TASK DIRECTIONS
No pictures belong in the copy. Set down exactly the lines from the one that contains "Lacoste Men's Classic" through the end of the data.

SUPPLIED MATERIAL
-- -- --

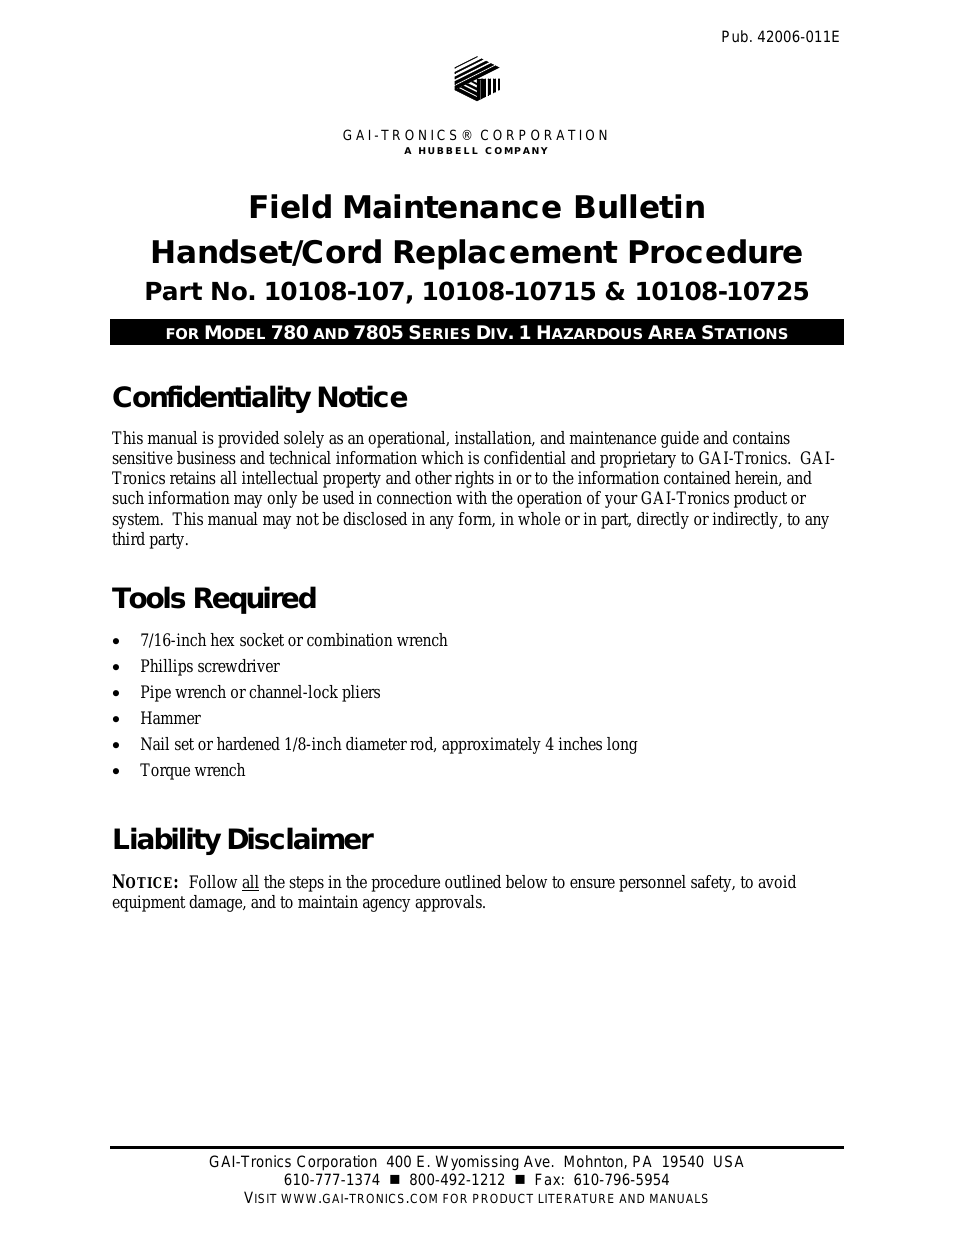 10108-007 Field Maintenance Bulletin: Handset/Cord Replacement Procedure for Model 780 & 7805 Series Div. 1 Hazardous Area Stations
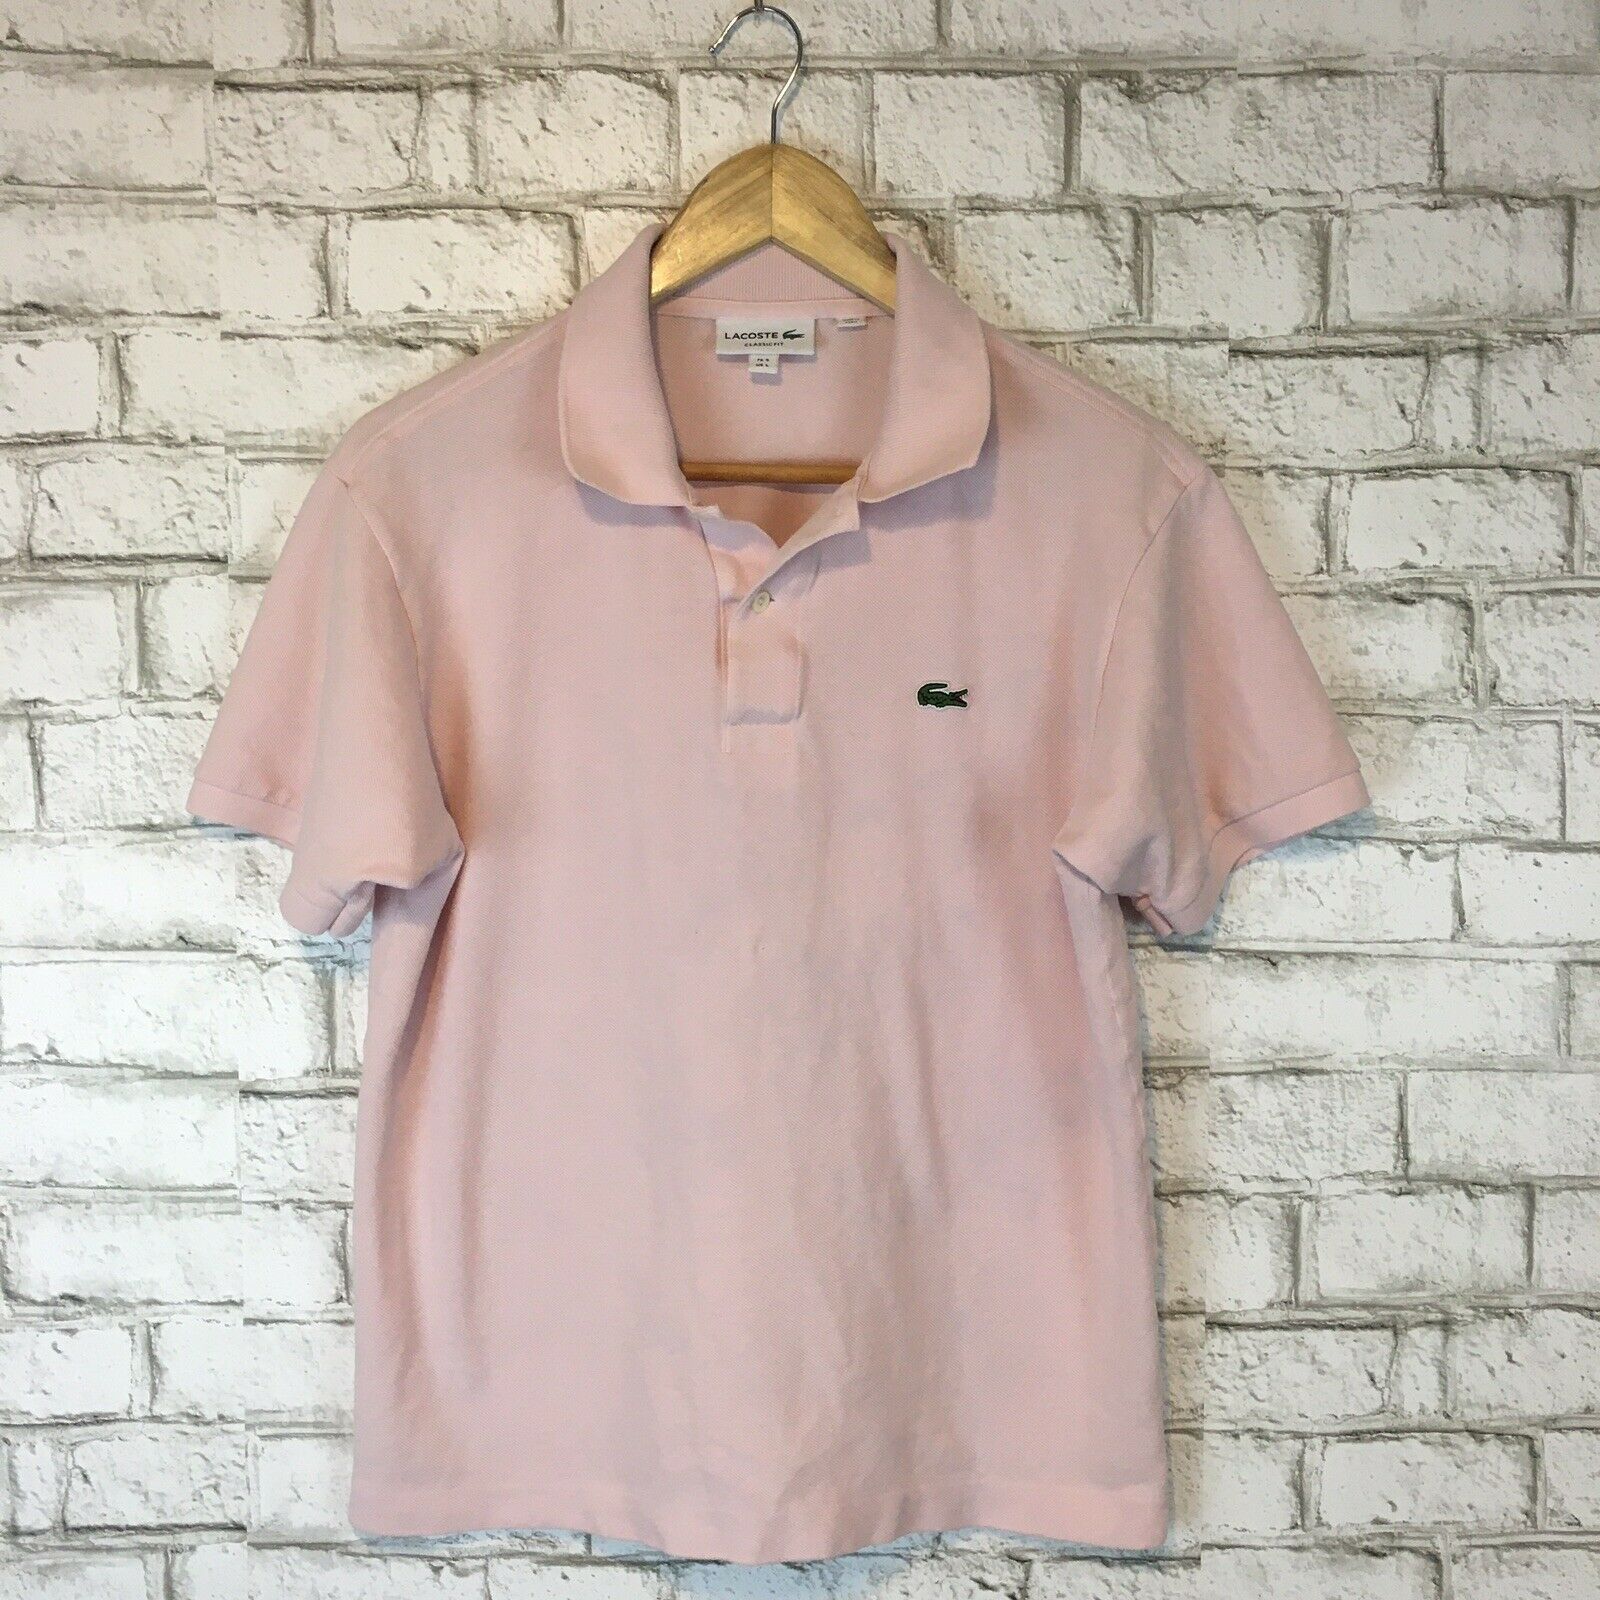 Lacoste Men's Classic Fit Light Pink Preppy Polo Shirt Size Large FR ...
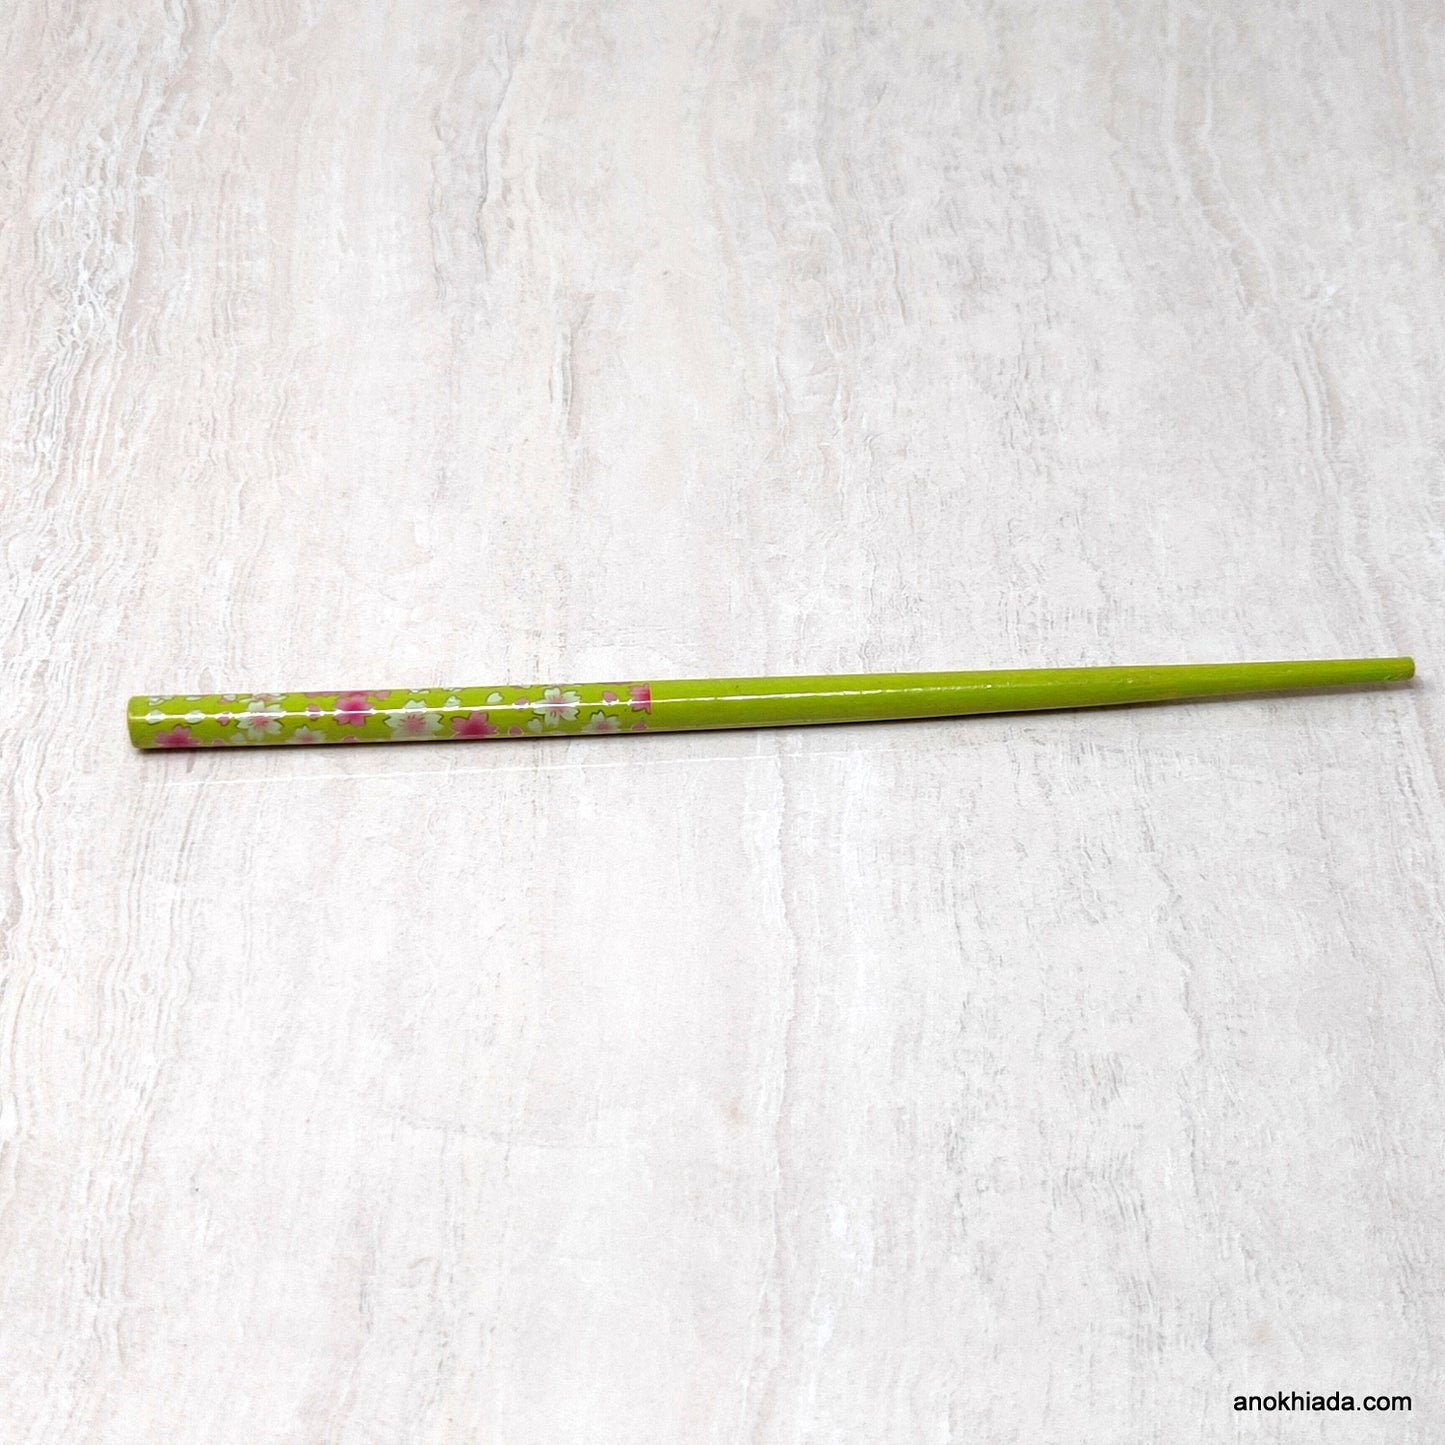 Flower Print Green Wooden Juda Stick/Bun Stick - (99-05C Juda Stick)
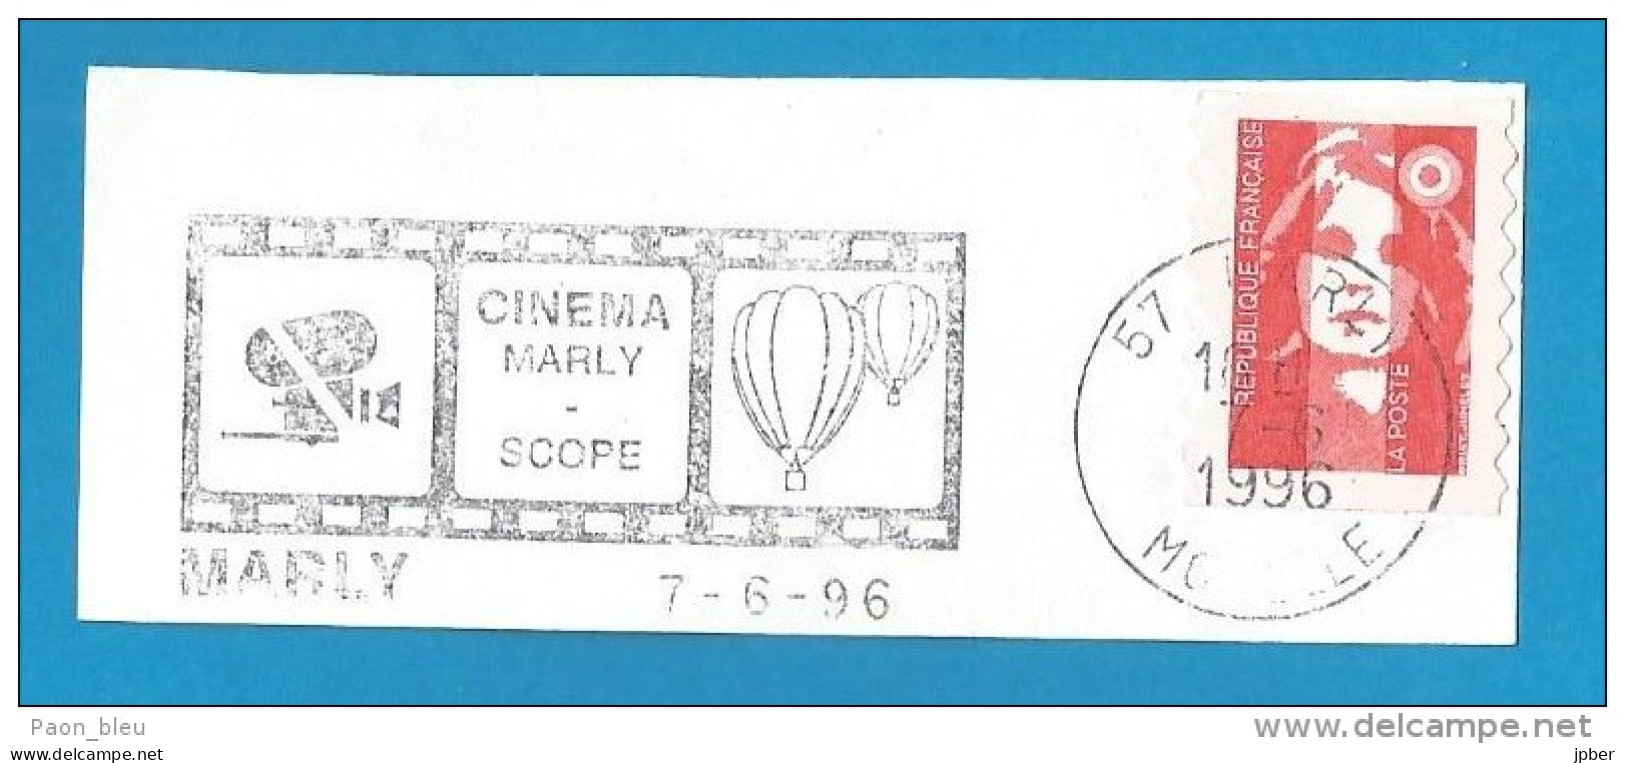 France - Flammes - Thème Aviation - Marly - Cinéma - Montgolfières - Ballons - Mechanical Postmarks (Advertisement)

-- -- --

TASK OUTPUT
 Lacoste Men's Classic Fit Light Pink Preppy Polo Shirt Size Large FR ...
 Flower Print Green Wooden Juda Stick/Bun Stick - (99-05C Juda Stick)
 France - Flammes - Thème Aviation - Marly - Cinéma - Montgolfières - Ballons - Mechanical Postmarks (Advertisement)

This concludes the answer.